TEXT ANALYTICS, HEALTH ANALYTICS

Raymond Ng, Professor of Computer Science, Canada Research Chair in Data Science and Analytics,Vancouver, Canada

Title: Mining and Summarizing Text Conversations

 Summary:

With the ever-increasing popularity of Internet technologies and communication devices such as smartphones and tablets, and with huge amounts of such conversational data generated on hourly basis, intelligent text analytic approaches can greatly benefit organizations and individuals.  For example, managers can find the information exchanged in forum discussions crucial for decision making. Moreover, the posts and comments about a product can help business owners to improve the product.

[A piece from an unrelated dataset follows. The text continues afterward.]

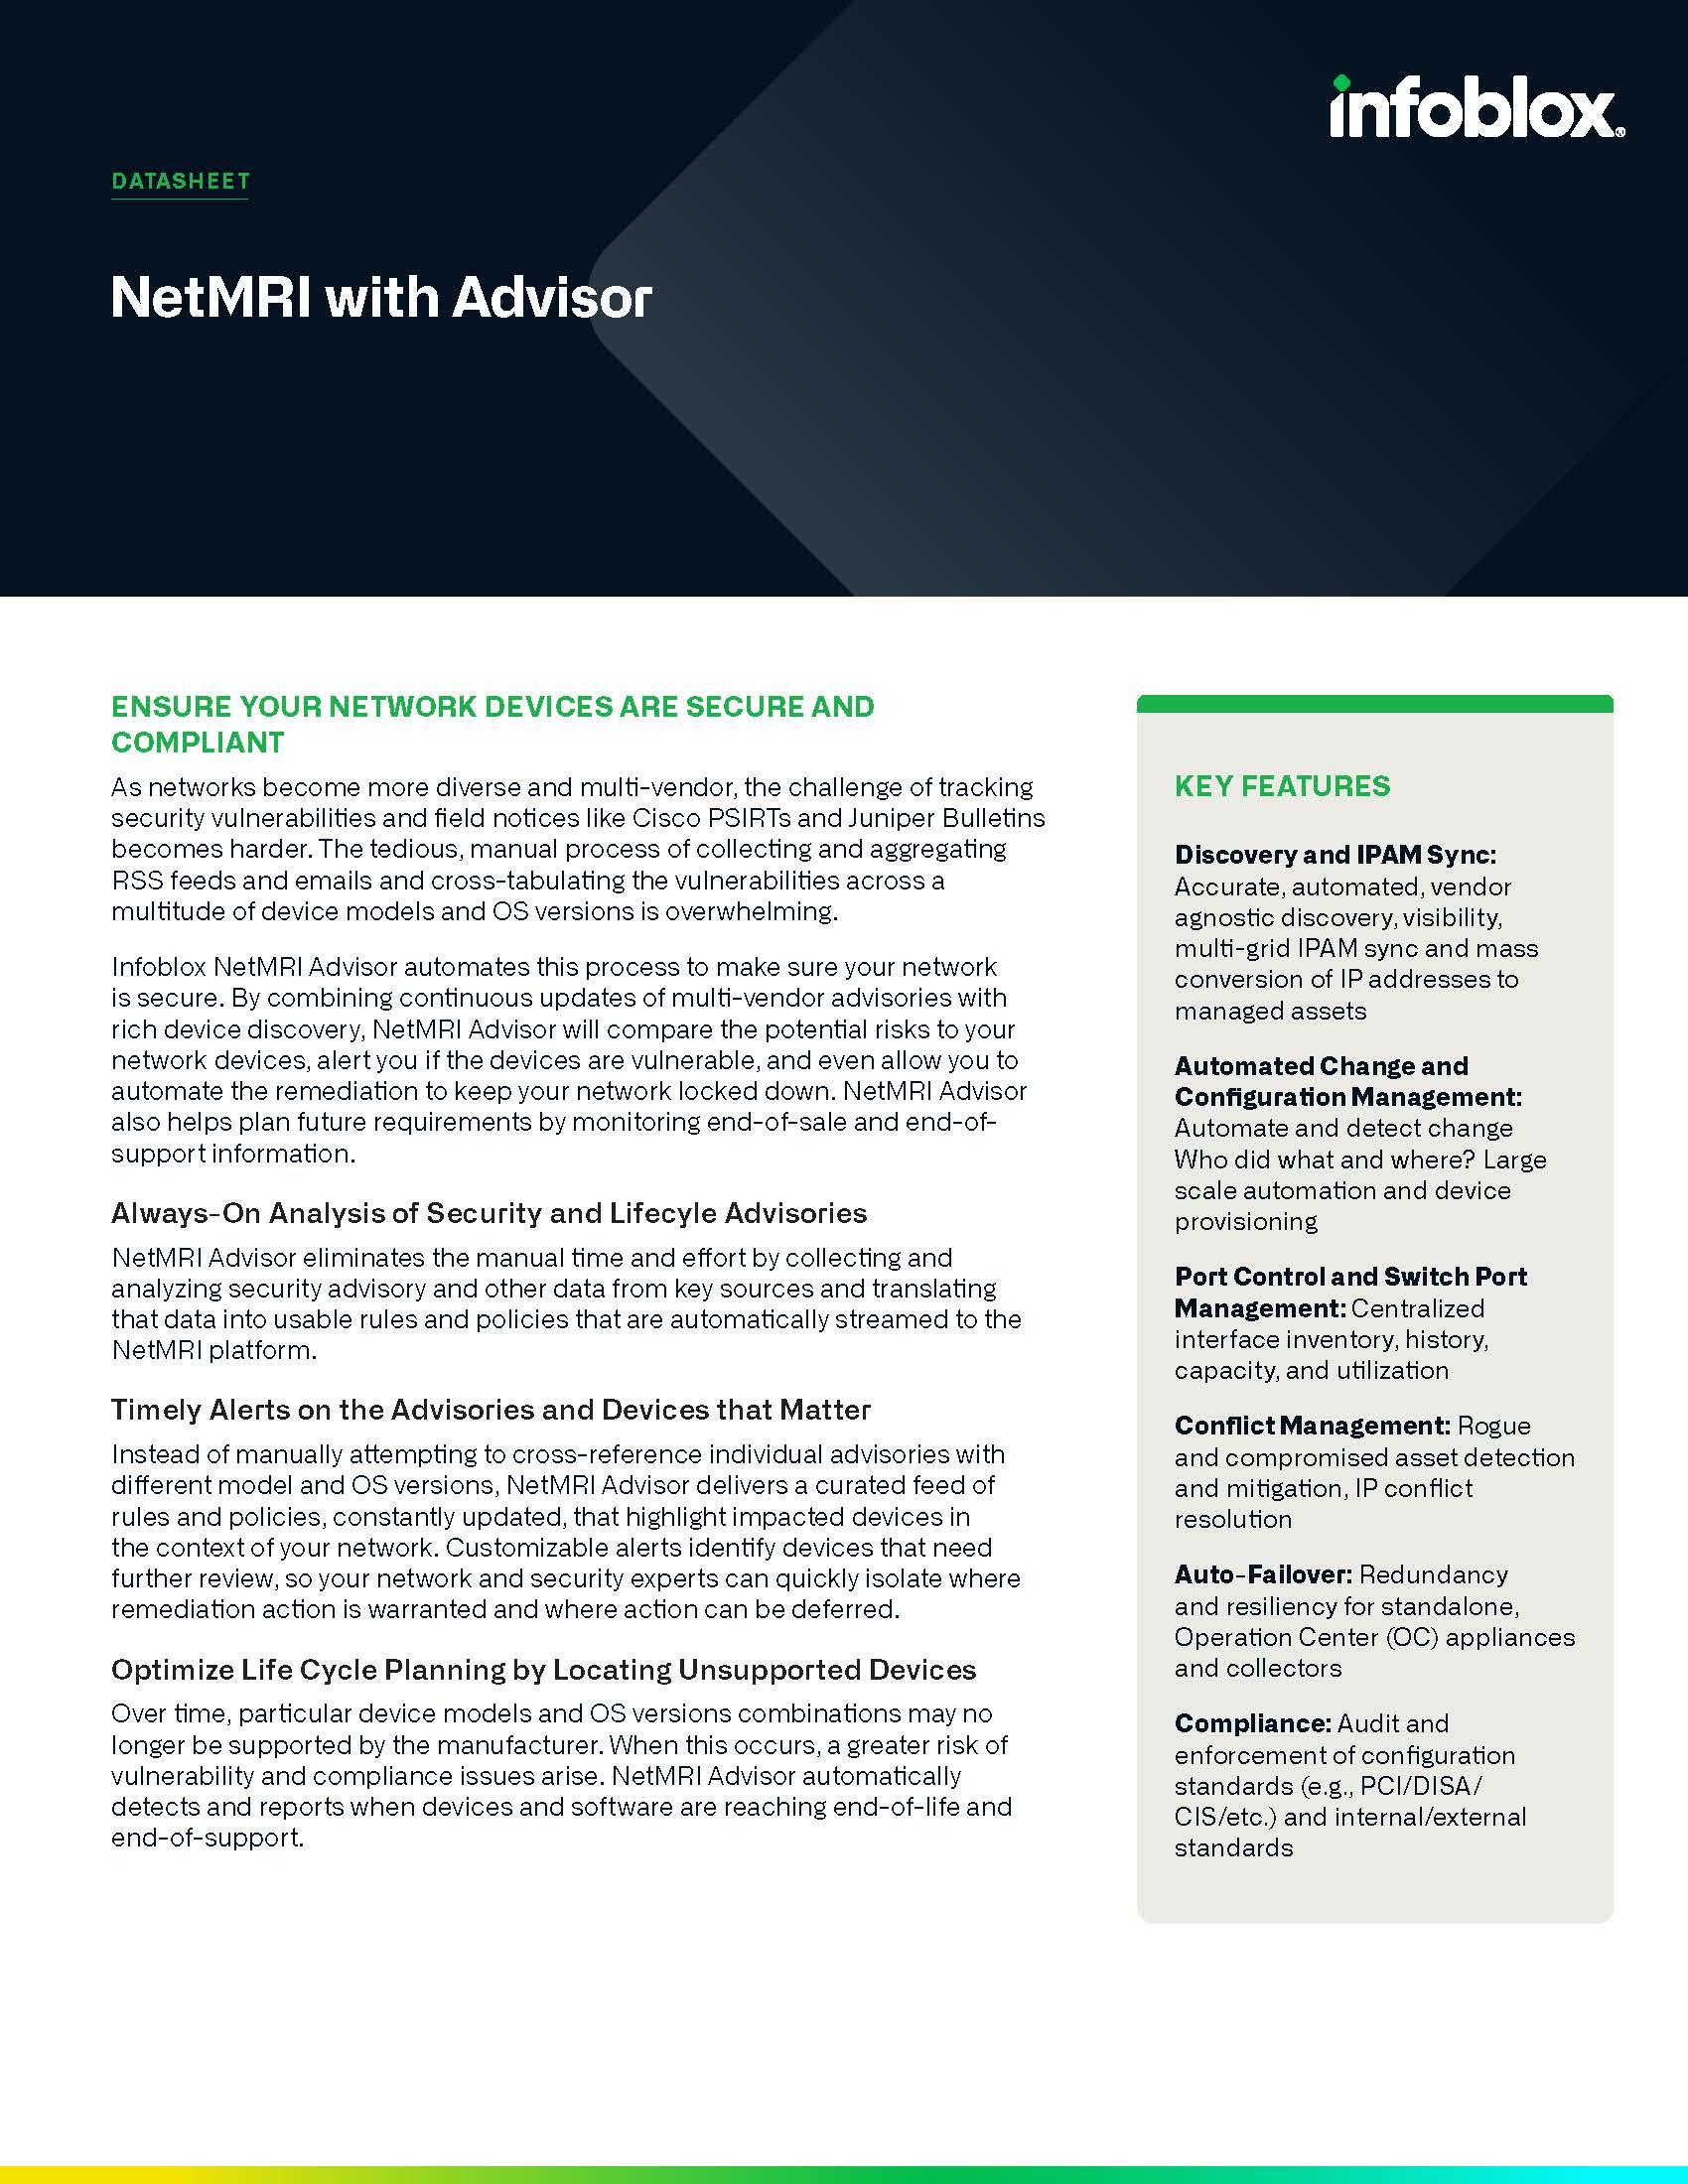 Infoblox NetMRI Advisor

In this lecture, we first give an overview of important applications of mining text conversations, using sentiment summarization of product reviews as a case study. Then we examine three topics in this area: (i) topic modeling; (ii) natural language summarization; and (iii) extraction of rhetorical structure and relationships in text.

Syllabus: (5 hours)

  1. Text conversations and business intelligence
  2. Sentiment extraction and summarization as applications
  3. Topic modeling
  4. Extractive and abstractive summarization
  5. Rhetorical analysis
  6. Summary

Pre-requisites: Basic knowledge of machine learning and natural language processing is preferred but not required.

References:

  1. Shafiq Joty, Giuseppe Carenini and Raymond Ng. Topic Segmentation and Labeling in Asynchronous Conversations. Journal of AI Research(JAIR) (2013), Vol. 47, Page 521-573.
  2. Shafiq Joty, Giuseppe Carenini, Gabriel Murray and Raymond Ng. Exploiting Conversation Structure in Unsupervised Topic Segmentation for Emails. In Proceedings of the Conference on Empirical Methods in Natural Language Processing (EMNLP 2010), MIT, Massachusetts, USA.
  3. Yashar Mehdad, Giuseppe Carenini, Raymond Ng andShafiq Joty. Towards Topic Labeling with Phrase Entailment and Aggregation. In Proceedings of the North American Chapter of the Association for Computational Linguistics: Human Language Technologies (NAACL-HLT 2013), Atlanta, USA.
  4. Yashar Mehdad, Giuseppe Carenini, and Raymond Ng. Abstractive Summarization of Spoken and Written Conversations based on Phrasal Queries. In Proceedings of Association of Computational Linguistics (ACL 2014).
  5. Shafiq Joty, Giuseppe Carenini and Raymond Ng. A Novel Discriminative Framework for Sentence-Level Discourse Analysis. EMNLP 2012.
  6. Shafiq Joty, Giuseppe Carenini, Raymond Ng and Yashar Mehdad. Combining Intra- and Multi-sentential Rhetorical Parsing for Document-level Discourse Analysis. ACL 2013.
  7. Shima Gerani, Yashar Mehdad, Giuseppe Carenini, Raymond Ng and Bita Nejat. Abstractive Summarization of Product Reviews Using Discourse Structure. EMNLP 2014.
  8. Kelsey Allen, Giuseppe Carenini and Raymond Ng, Detecting Disagreement in Conversations using Pseudo-Monologic Rhetorical Structure, EMNLP 2014.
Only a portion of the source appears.